I expressed this concern to the Climate Reality directors and they responded that they’d come up with the same conclusion and even had a video made to illustrate how much CO2 was emitted daily in a household using black balloons. Each balloon represented 2 oz. of CO2. The average per capita emissions in the US are 20 metric tons per year. 16,000 balloons would represent one ton of CO2, multiply that by 20 tons and you would see 320,000 black balloons floating for every person in the United States. One family would come close to a million black balloons, does this now give you an idea of the blanket of CO2 we have and continue to lay upon our Earth?
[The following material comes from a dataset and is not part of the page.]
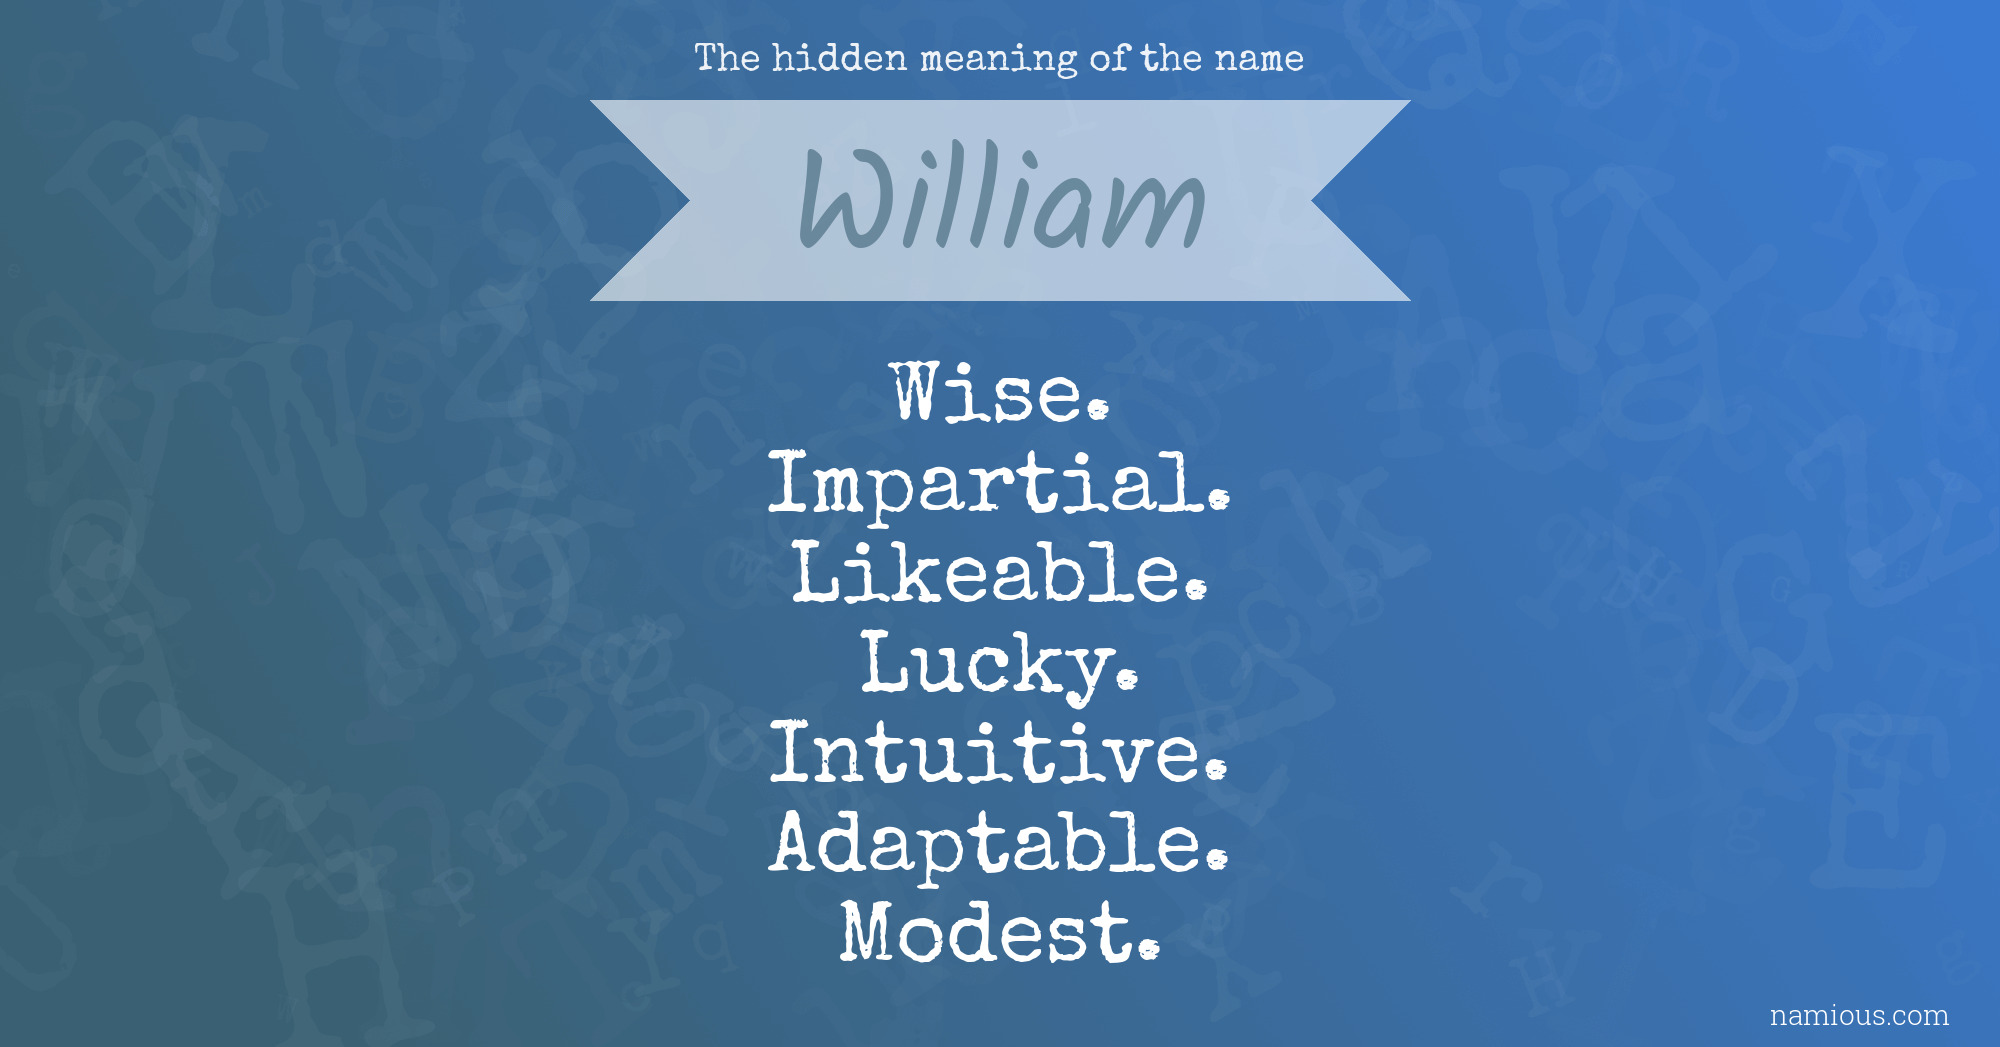 The hidden meaning of the name William | Namious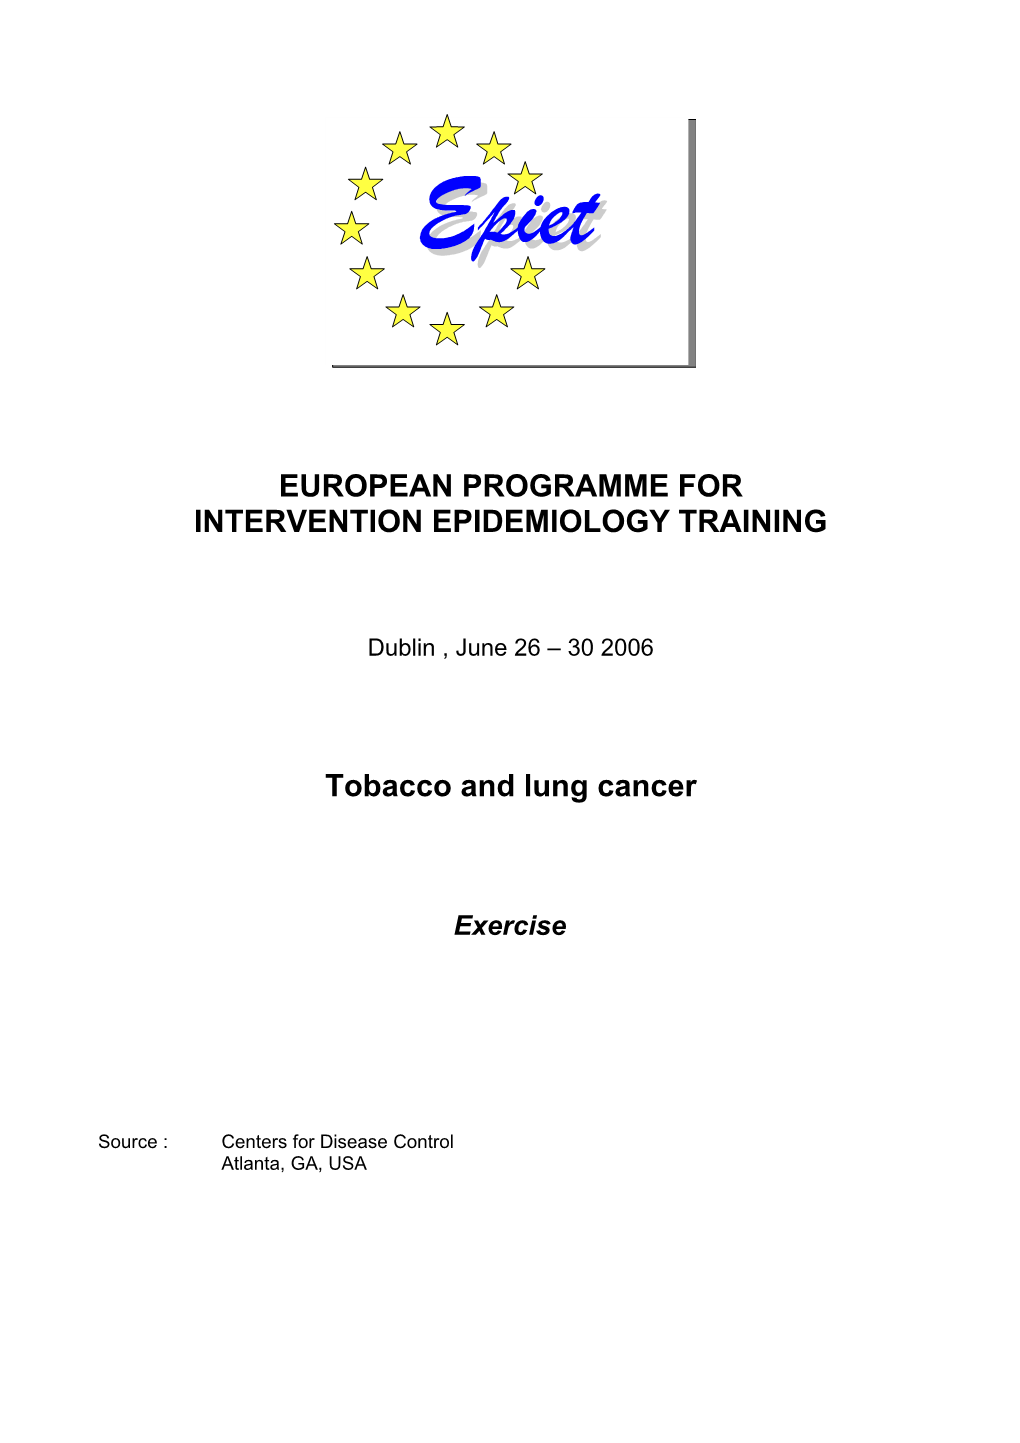 EPIET - 1995 Introductory Course - Cigarette Smoking and Lung Cancer

There are 3 factors to climate change

  • Population
  • Technology
  • Our way of thinking

Of course, population is at the root of it all and our technology of fossil fuel driven transportation and electrical usage is compounded by more people taking advantage of that technology. But for me the number one factor is the way we think or better put, how we’ve come to think. Bottom line, if we could change the way we think, what we think we need, the way we think we’re supposed to live, together WE could solve the climate crisis that is upon us now. But how do we do that? How do we use our worldwide massive technology toward renewable and alternative energy rather than the continued exploitation of the Earth’s finite resources?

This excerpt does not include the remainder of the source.